Data extract:
::::::::

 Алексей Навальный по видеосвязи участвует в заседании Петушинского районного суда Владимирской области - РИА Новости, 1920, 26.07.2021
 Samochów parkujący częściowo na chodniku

::::::::

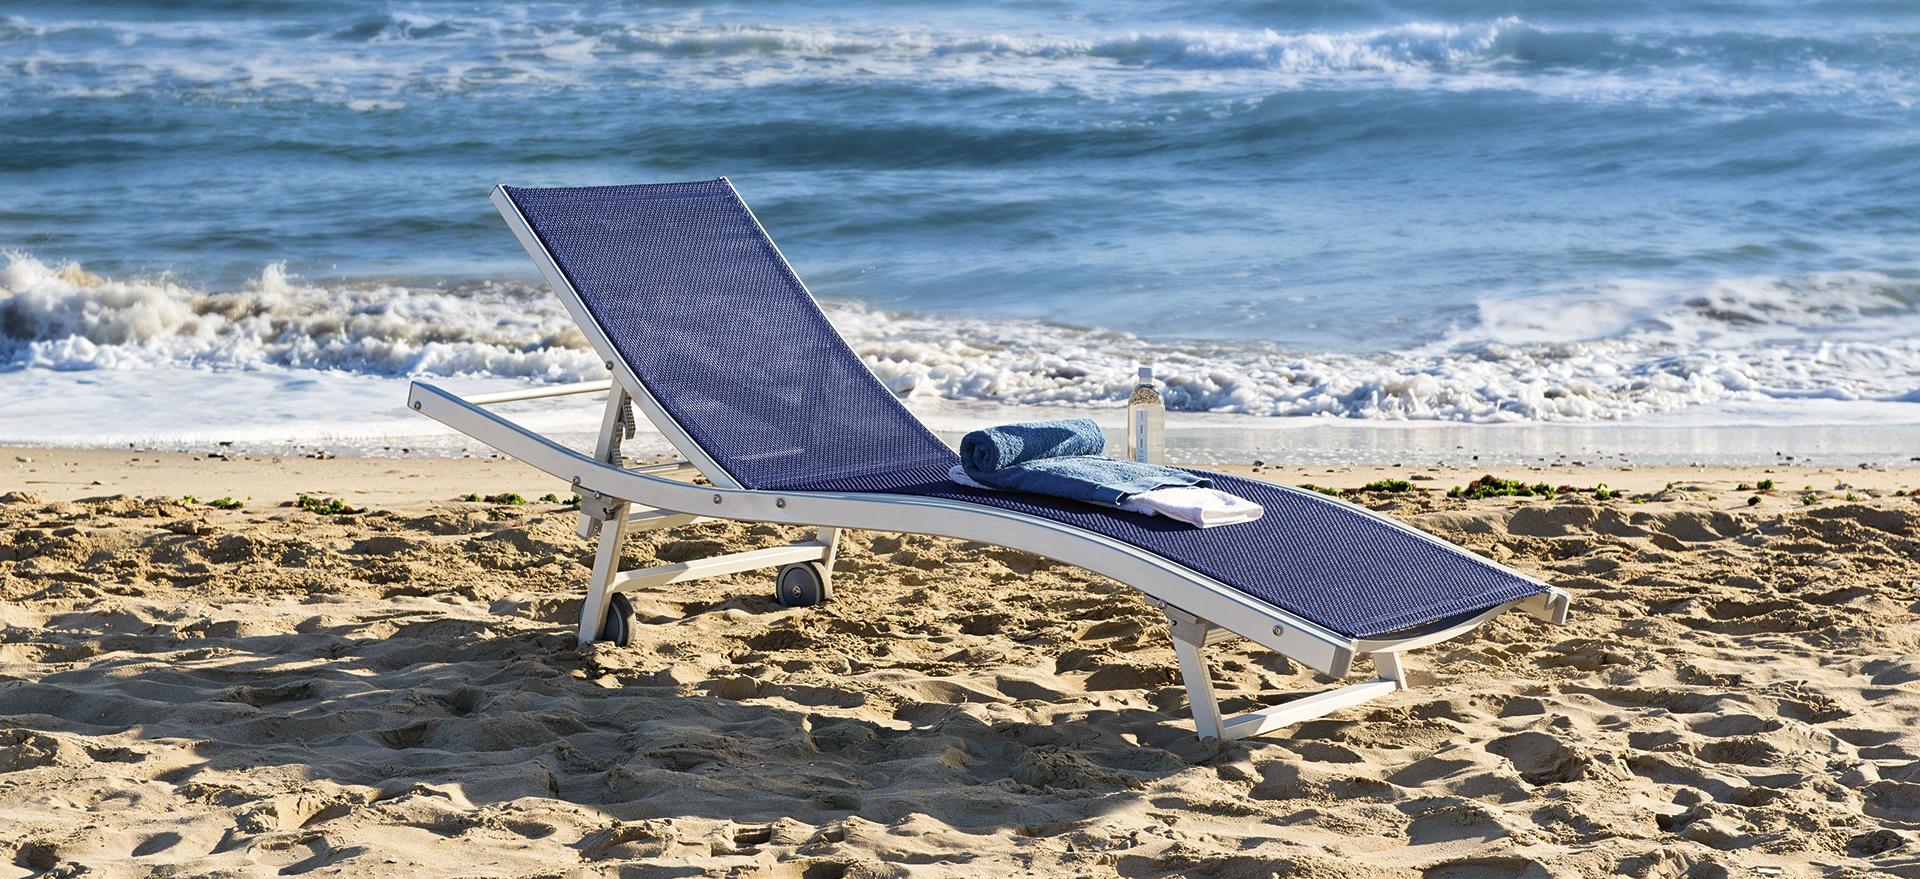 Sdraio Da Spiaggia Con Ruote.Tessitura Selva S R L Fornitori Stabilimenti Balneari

::::::::

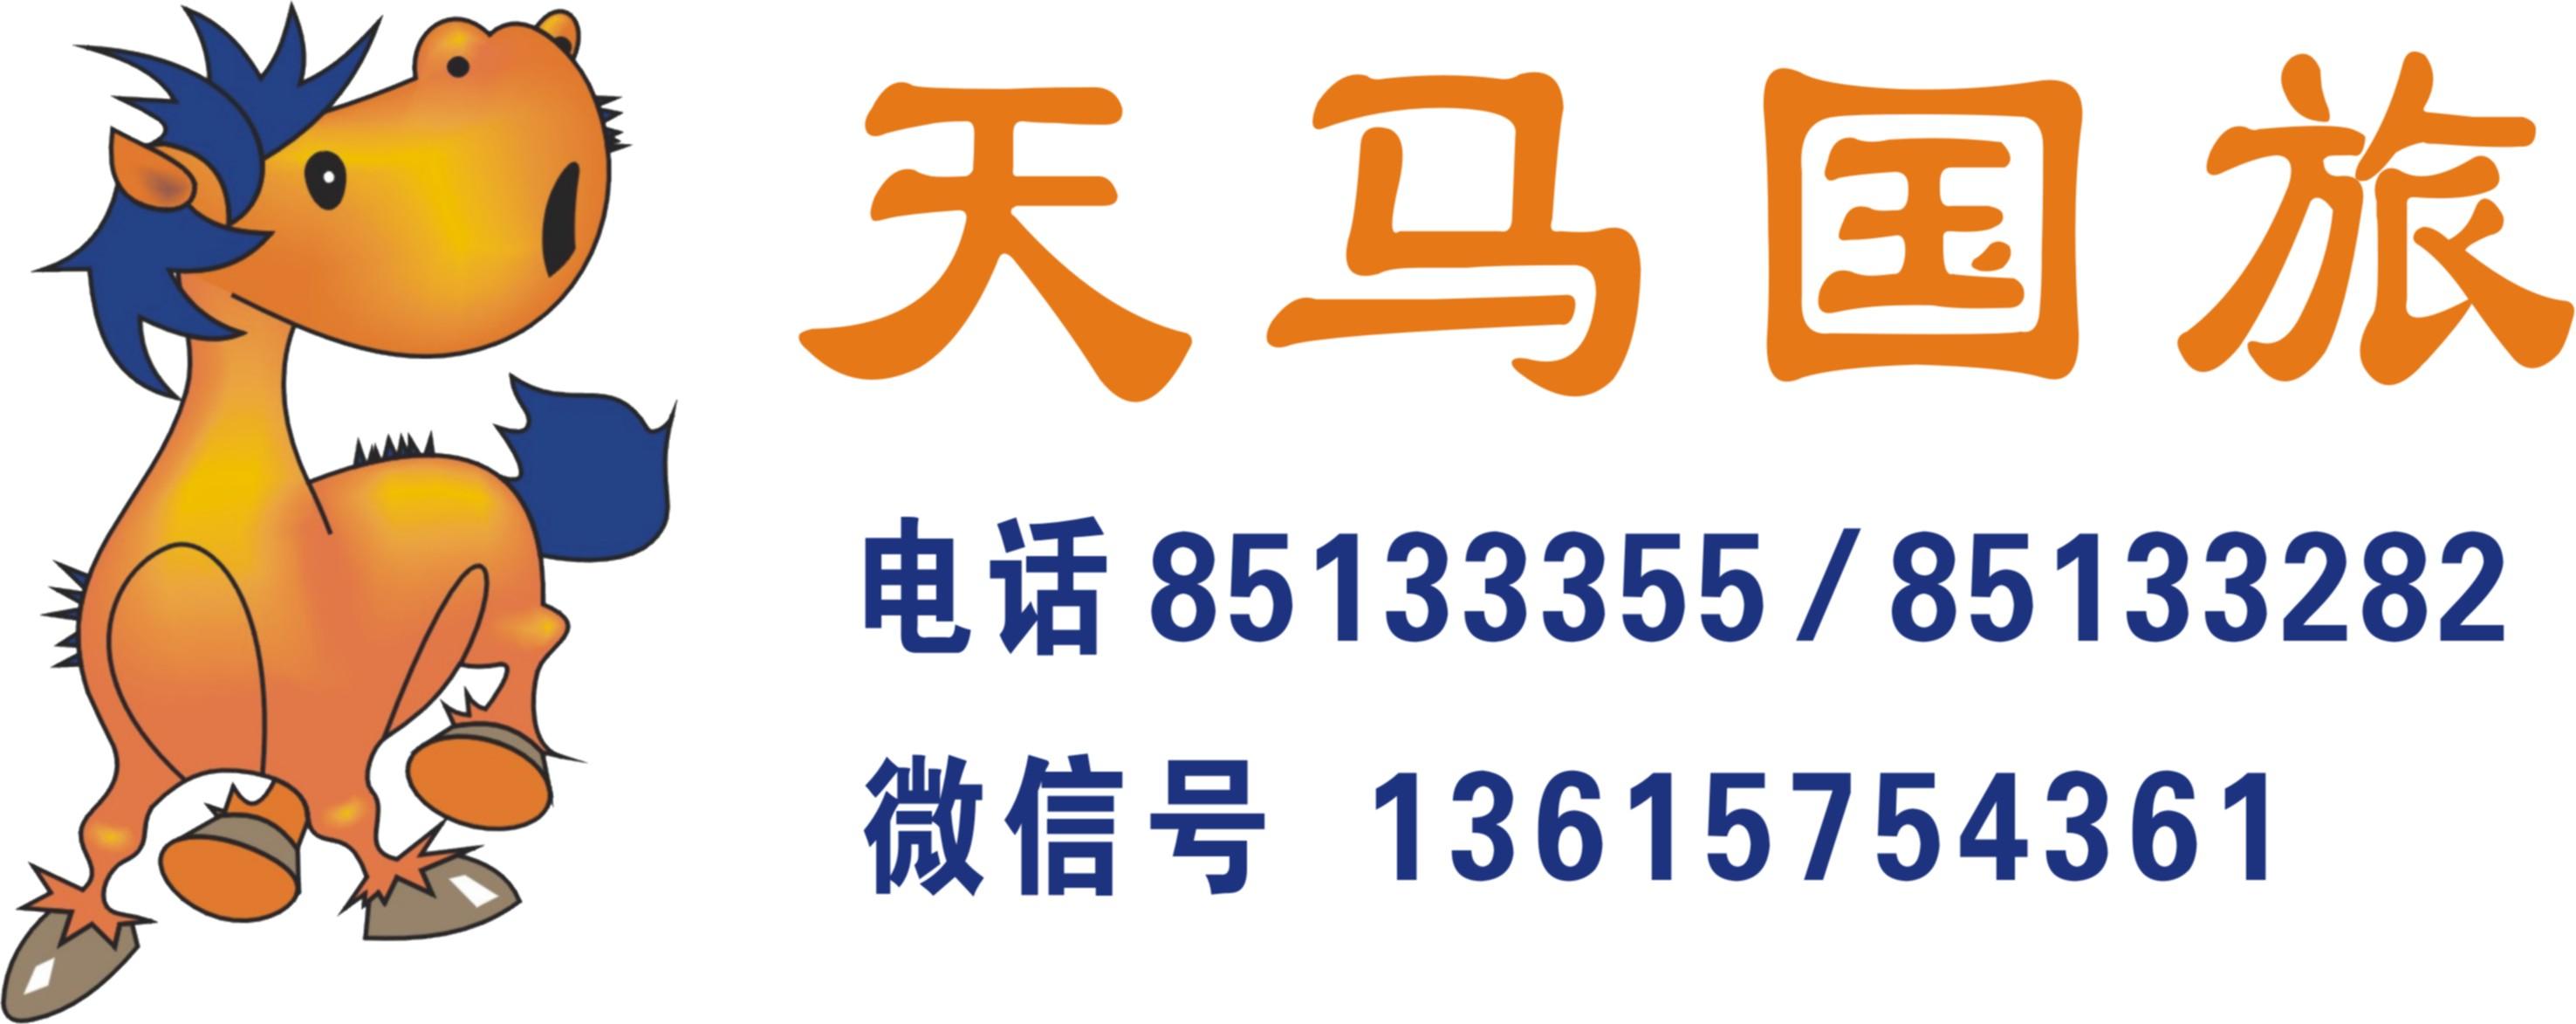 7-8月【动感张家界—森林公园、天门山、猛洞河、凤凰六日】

::::::::

Exercise goal: Reproduce exactly the entries above, limited to the lines from the one with "Алексей Навальный по" through the one with "Samochów parkujący częściowo na chodniku", both included.

Answer space:
 Алексей Навальный по видеосвязи участвует в заседании Петушинского районного суда Владимирской области - РИА Новости, 1920, 26.07.2021
 Samochów parkujący częściowo na chodniku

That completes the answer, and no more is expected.